OPEC pumped 31.28 million barrels of oil a day in June, 170,000 barrels a day more than May and the fourth consecutive monthly increase since February, as Saudi Arabia and Iraq pushed out more oil, price reporting agency Platts estimated.

The threat of additional Iranian oil barrels flooding the market, once its nuclear deal with western powers is completed, is also weighing on oil prices.

The nuclear agreement between Iran and six world powers — Britain, China, France, Germany, Russia and the U.S. — is in final stages of negotiations in Vienna. The Obama administration had cited Tuesday as the deadline for concluding the talks, but officials have suggested privately in recent days that the negotiations could extend to later in the week.
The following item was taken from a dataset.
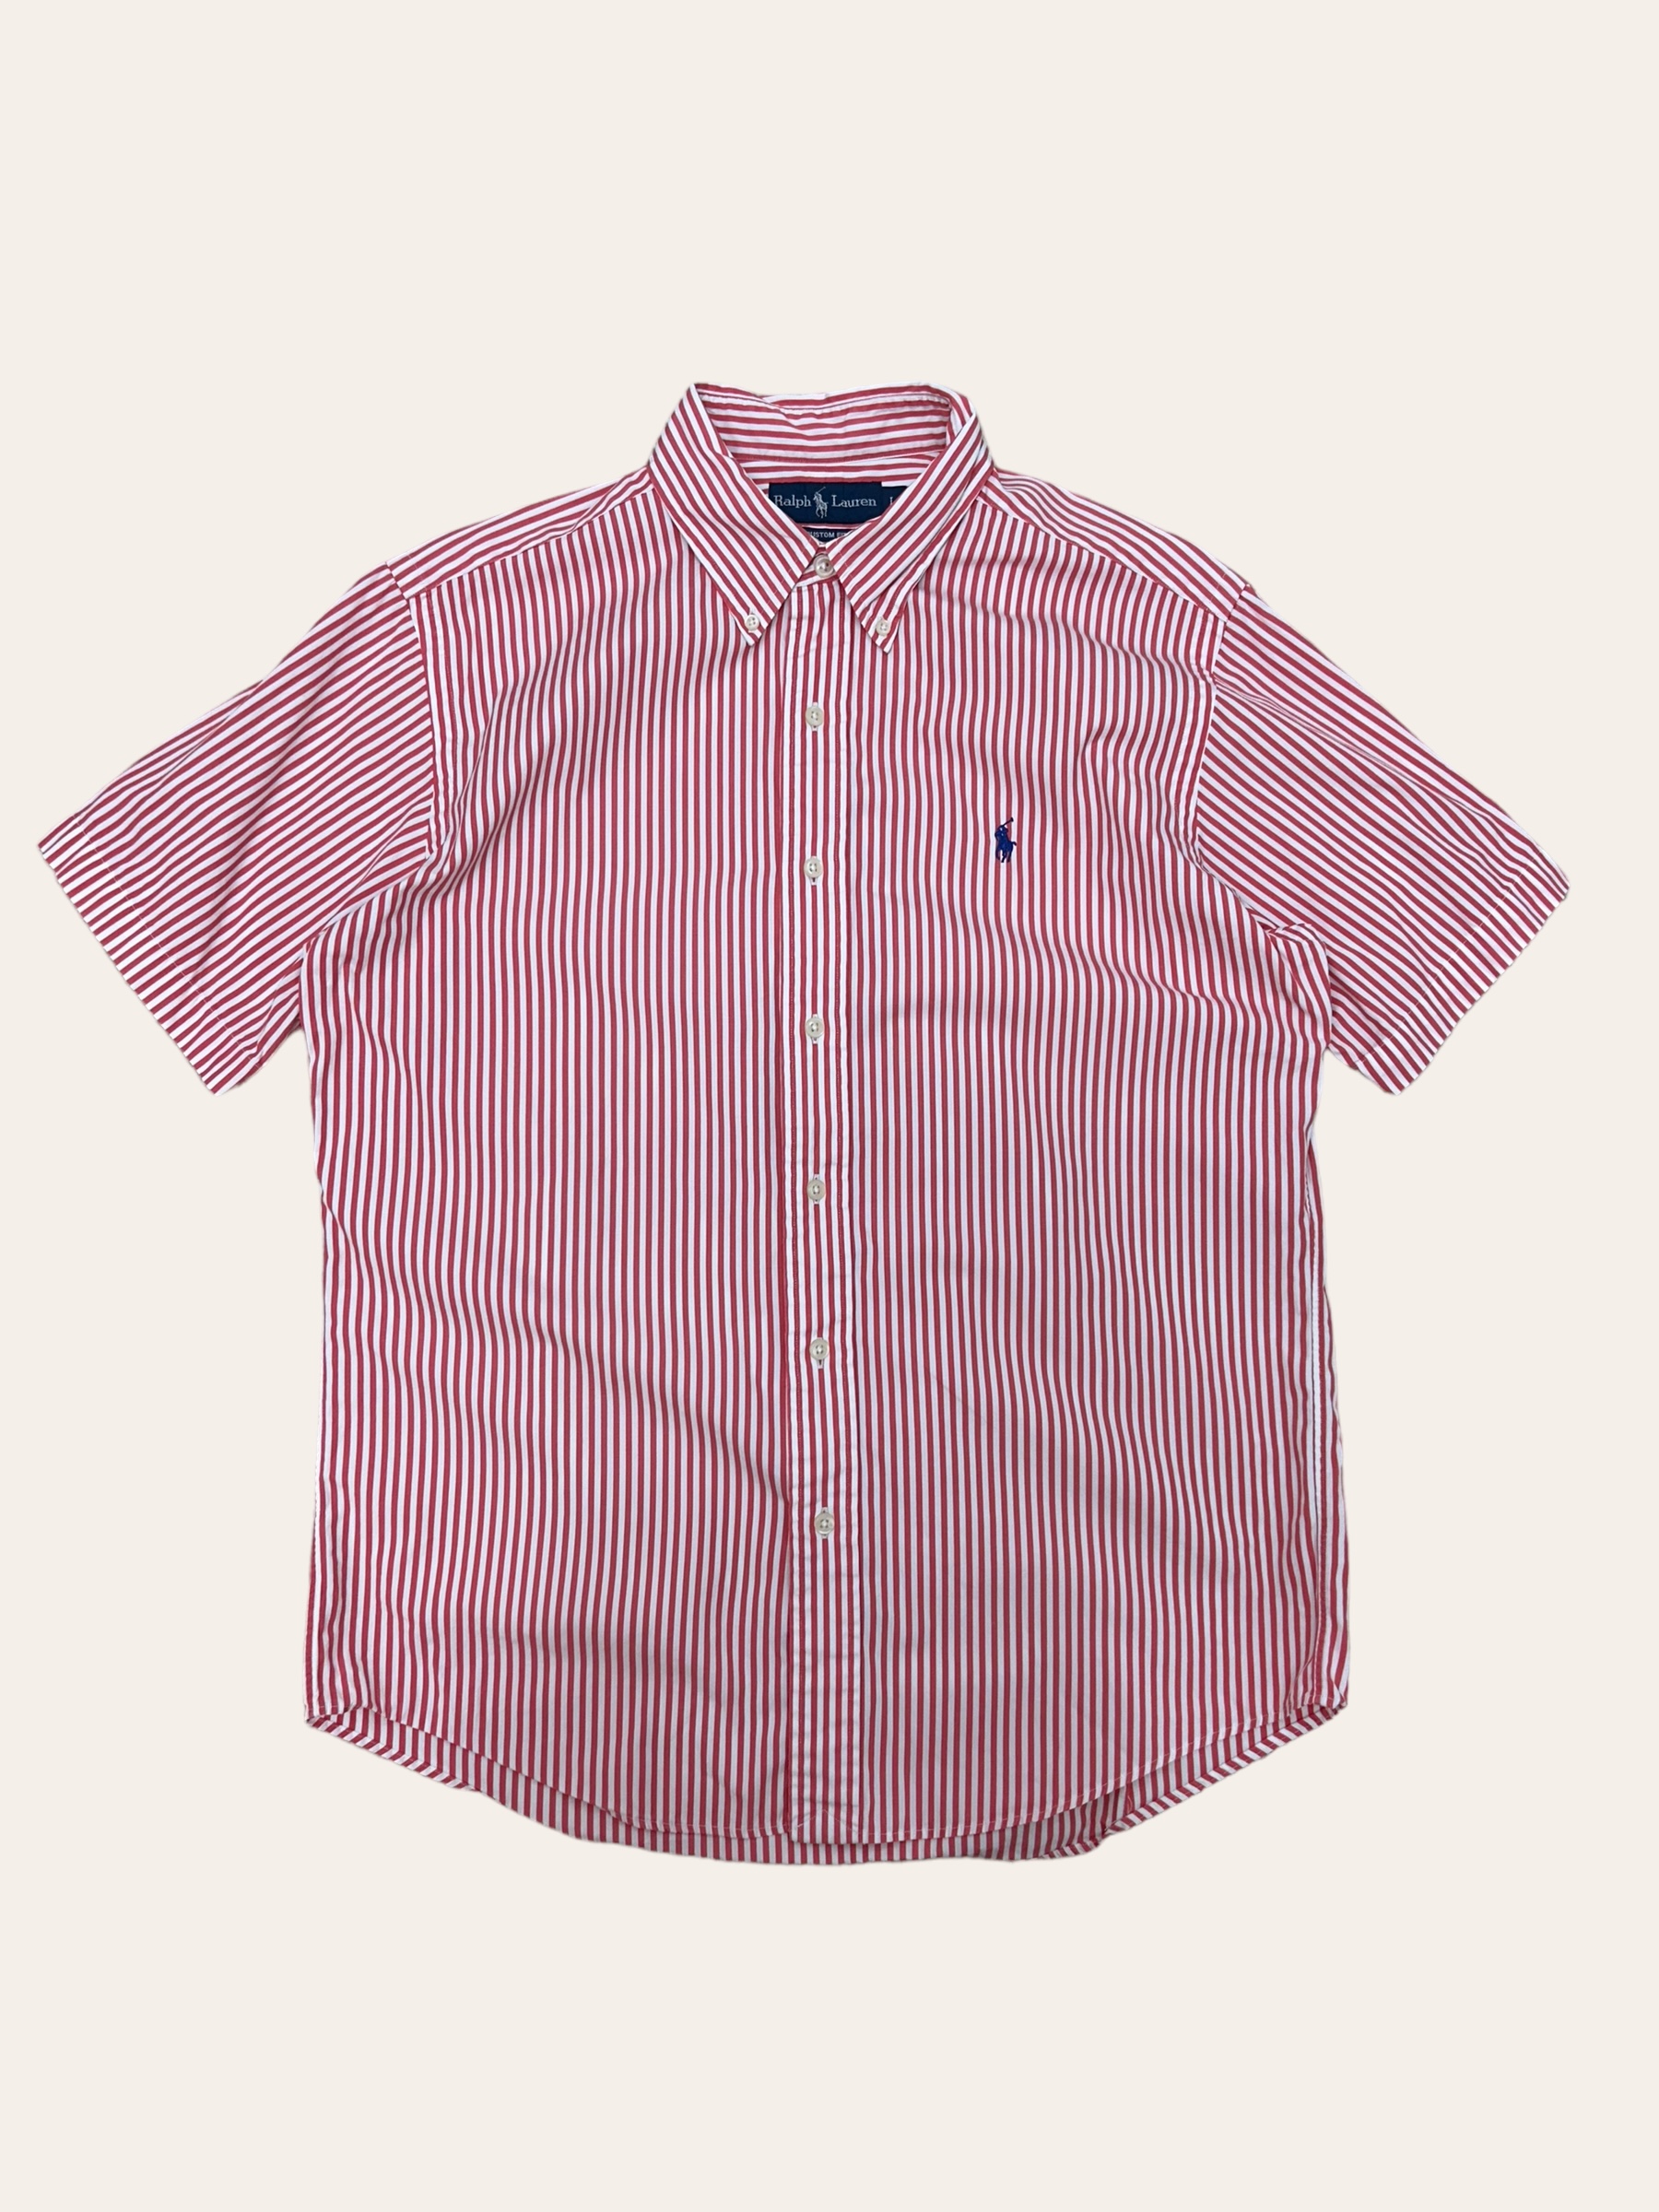 Polo ralph lauren coral pink stripe short sleeve shirt L

Investors are also keeping an eye on Tuesday’s summit of eurozone leaders in Brussels, where Greece and its creditors will scramble to find a way to keep the country afloat after its rejection of bailout terms.

Another key datapoint on Tuesday will be the weekly U.S. oil inventory data from the American Petroleum Institute and the monthly energy report from the U.S. Energy Information Administration.

The fact that the oil complex is now falling more rapidly than other commodities is telling, and reflects not only concerns about demand growth, but also inventory builds in the U.S., the progress in Iran talks and the increase in U.S. shale-oil rig utilization — which was a turning point in U.S. supply, Citigroup’s head of commodities research Ed Morse said in a report.